Source: Earth and Space Science
Studying the global climate—and how it’s changing—involves examining thousands of small processes, chemical mechanisms, local weather phenomena, and more. One of the many factors scientists consider when studying the changing climate is aerosols, which are small particles suspended in the air that have played a large role in our changing climate since the Industrial Revolution. Human-made aerosols come mostly from burning fossil fuels. However, aerosols also occur naturally, produced by vegetation, volcanic eruptions, and chemical reactions in the ocean.
Aerosols can both warm and cool the climate. Direct effects on the climate include either reflecting the Sun’s heat back into space or trapping heat near Earth’s surface. Aerosols can also affect the climate indirectly through their effects on cloud formation; clouds have a significant effect on climate, but the specifics aren’t well understood.
Miller et al. set out to investigate how specific marine aerosols affect cloud formation and cloud dynamics over the ocean. In general, clouds form when air becomes saturated with water vapor and the vapor starts to condense into liquid.

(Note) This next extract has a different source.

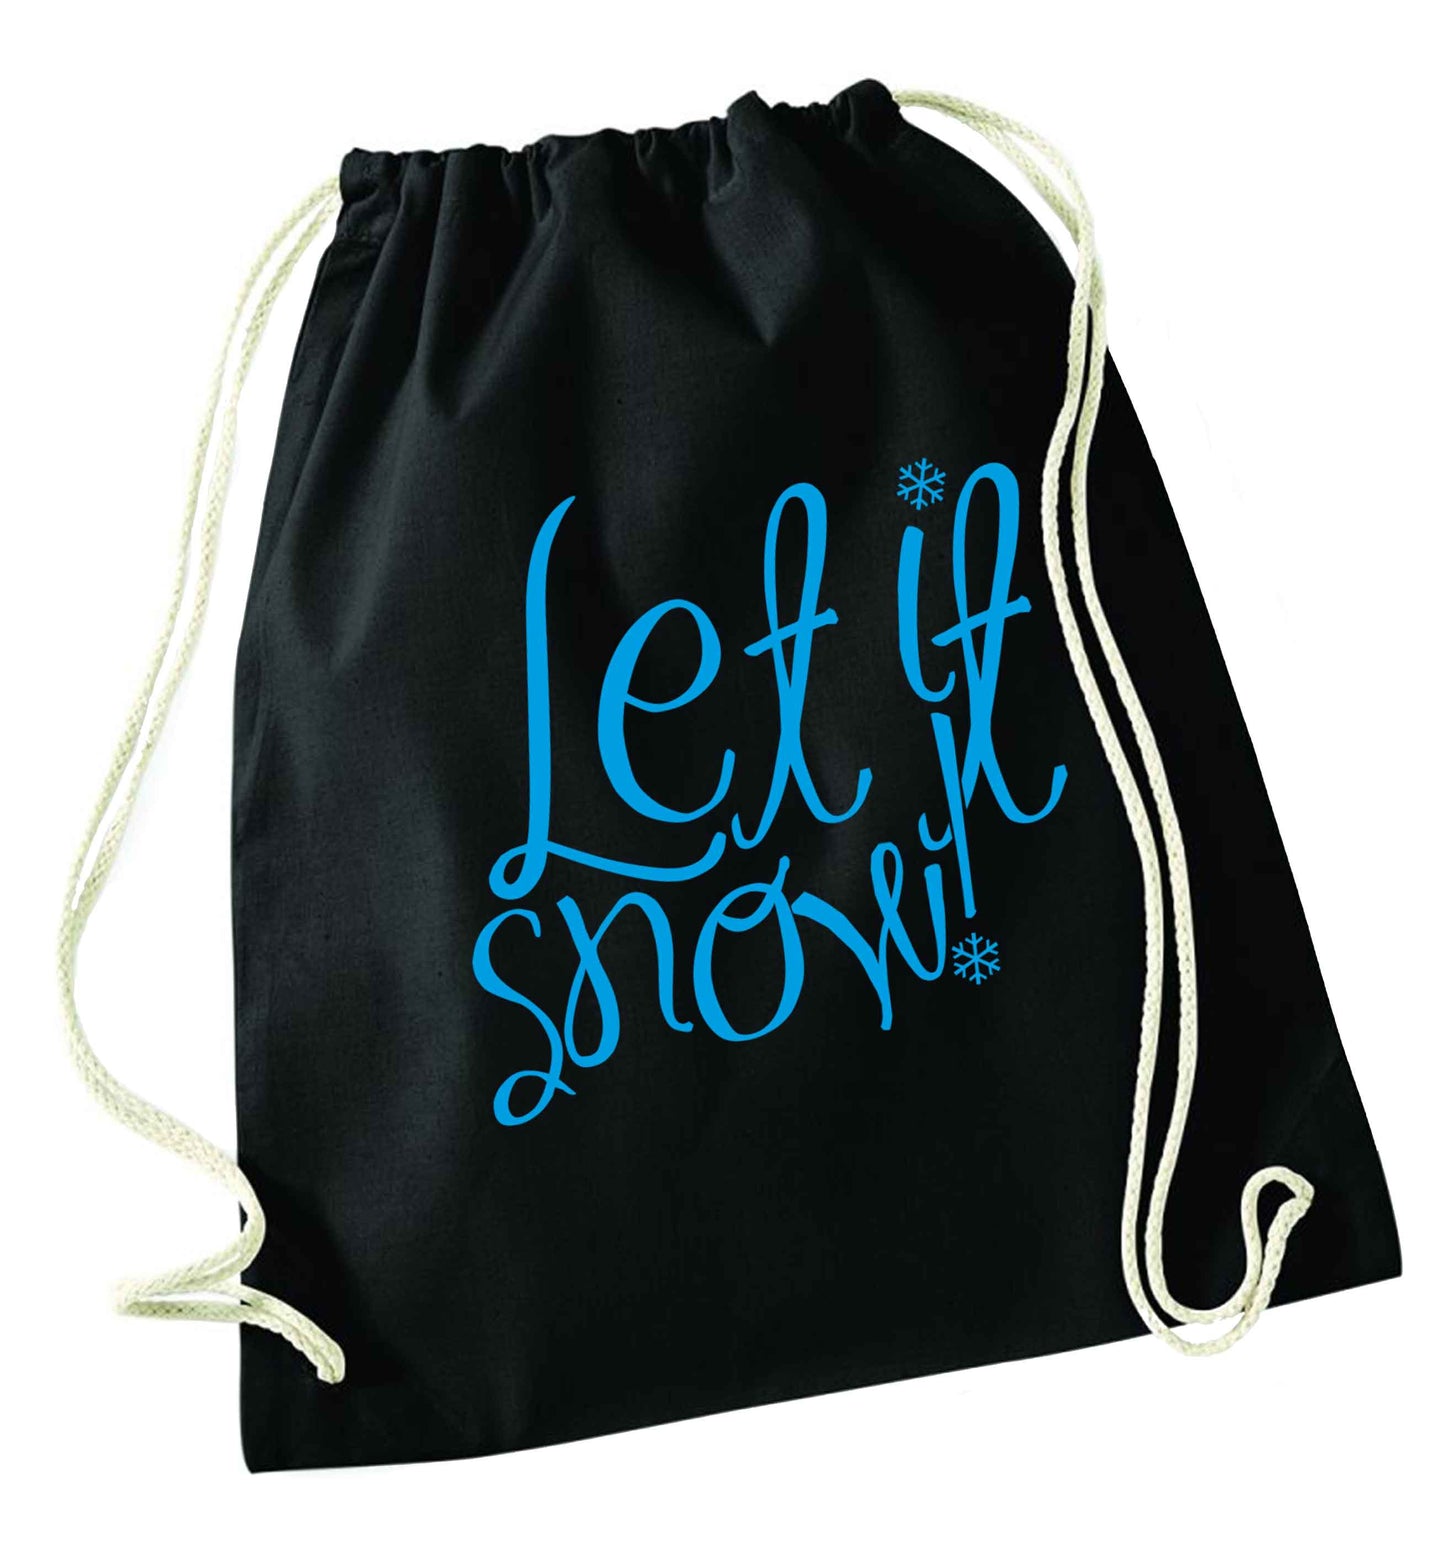 Let it snow black drawstring bag

The water droplets condense onto particles in the air, like dust or aerosols. Cloud condensation nuclei (CCN)—small particles on which water vapor condenses—can then affect the dynamics of clouds, like the size and concentration of droplets. Clouds can both cool and warm the climate, so understanding cloud dynamics is integral to understanding how the climate changes.
In the marine boundary layer, which is the area of the atmosphere in direct contact with the ocean’s surface, the most common aerosols are sea salt and sulfur-containing compounds. These sulfur-containing compounds come from chemical reactions involving dimethyl sulfide (DMS), a chemical produced by marine algae and phytoplankton. Specifically, the researchers studied a by-product of the oxidation of DMS called methanesulfonic acid (MSA), a common but little understood link between DMS and its conversion to sulfate CCN.
The scientists looked specifically at how the presence of DMS (and thus its CCN by-products) affected the size of cloud droplets and the concentration of droplets within clouds. They used data from research flights that flew 20 missions over the North Atlantic, near the Azores. The data revealed a weak but statistically significant positive correlation between the presence of DMS and the size of cloud droplets but no correlation between DMS and the number of cloud particles.
The researchers conclude that more measurements of marine biogenic gases are needed to fully understand their effect on cloud formation. They note that the limited nature of DMS and MSA data collection (occasional research flights) wasn’t building a clear picture of the complicated cloud dynamics that occur over the ocean. In addition to data collection from research flights, future investigations should simultaneously include more constant monitoring of both biogenic gases at the ocean’s surface and cloud microphysical structure; biogenic gas measurements are useful in the context of cloud microphysics only when cloud structure is being monitored simultaneously, the researchers say. (Earth and Space Science, https://doi.org/10.1029/2021EA001929, 2022)
—JoAnna Wendel, Science Writer